Currently, SiPh testing is fragmented with no recognised standards. Most of the companies have homegrown SiPh bench solution which is good for small scale engineering characterisation during the design verification phase, but inefficient for the high-throughput and low-cost test required for testing during the mass production phase. There is no independent SiPh wafer test service provider with a cost-efficient solution to address this market gap. Availing these capabilities helps the industry to drive down associated product costs from prototyping to mass manufacturing and accelerate their time to market.
As according to Dr Jeffrey Lam, general manager and vice president of engineering of STAr Technologies, when one thinks of working in a lab on an initial prototype, and spending a few hours to set up and align a single device for measurements, it seems feasible.

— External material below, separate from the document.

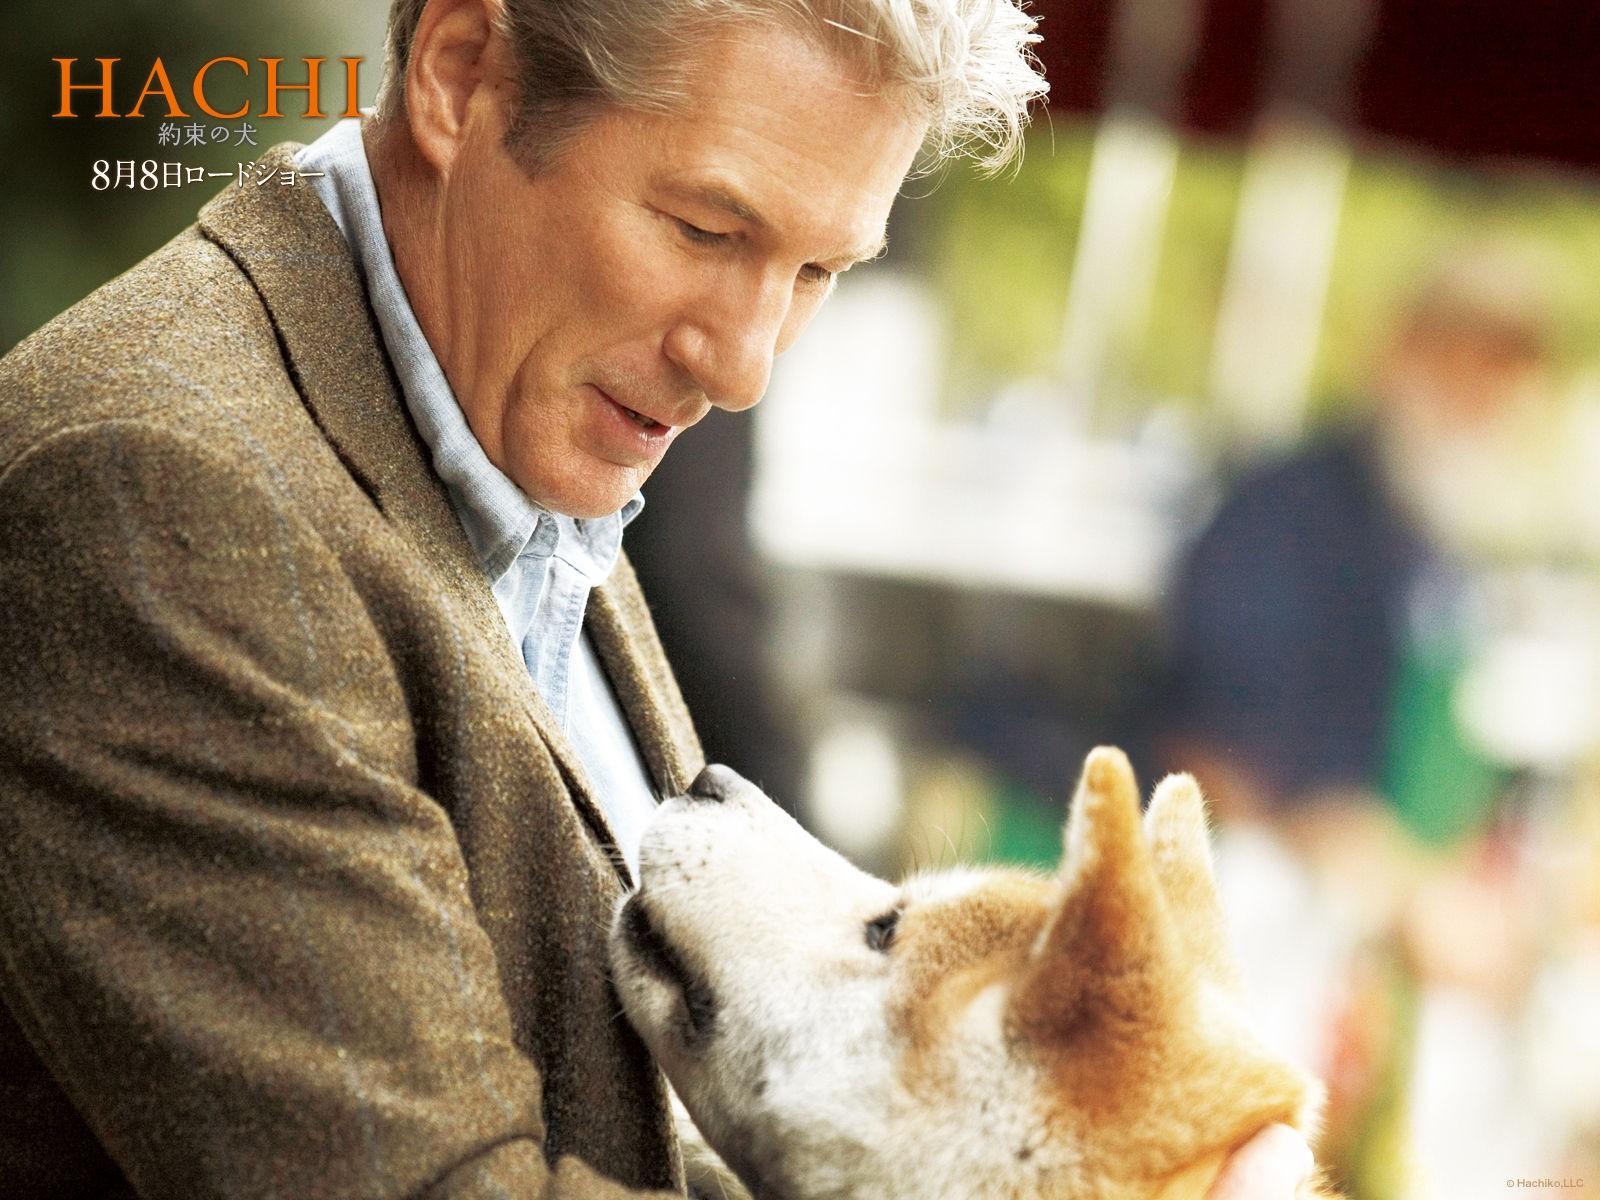 Un wallpaper del film Hachiko: A Dog's Story, con Richard Gere

It is not the case however, in high-volume SiPh manufacturing where time- and effort-intensive methods are not practical, and time-to-market is a critical factor. This has inhabited the rapid adoption of SiPh, a challenge both the companies aim to effectively address with methods and strategies that have a unique relative emphasis on accuracy, throughput, and test flexibility, through our combined SiPh Wafer Test approach. The technology shift in the form of SiPh demonstrates the potential for measurable gains in speed, power efficiency and density. The first wave of the SiPh revolution is poised to roll over to data centres around the world with optical interconnects that break the barriers set by copper wire.
Yole’s Silicon Photonics Market and Technology 2020 shows that in 2019, shipments of SiPh transceivers for data centers reached almost 3.5 million units, generating revenues worth approximately US$364 million from the development of transceivers for telecom/datacom applications. Led by the demand from global network traffic such as applications in cloud, video streaming, and Internet of Things (IoT), the SiPh transceiver market itself is expected to be worth US$3.6 billion in 2025 with 24 million units shipped.
In parallel, the development of SiPh transceivers has resulted in increased demand of cost-effective wafer test solutions, enabling the industry to improve their quality control coverage at wafer-level, potentially driving down product costs due to failures after packaging. Since its launch in 2017, Singapore-based CompoundTek has 20 global commercial customers and over 20 research institutes and universities in various applications such as telecommunications, automotive radar, data communications, bio-sensing, artificial intelligence, quantum computing and smart sensors.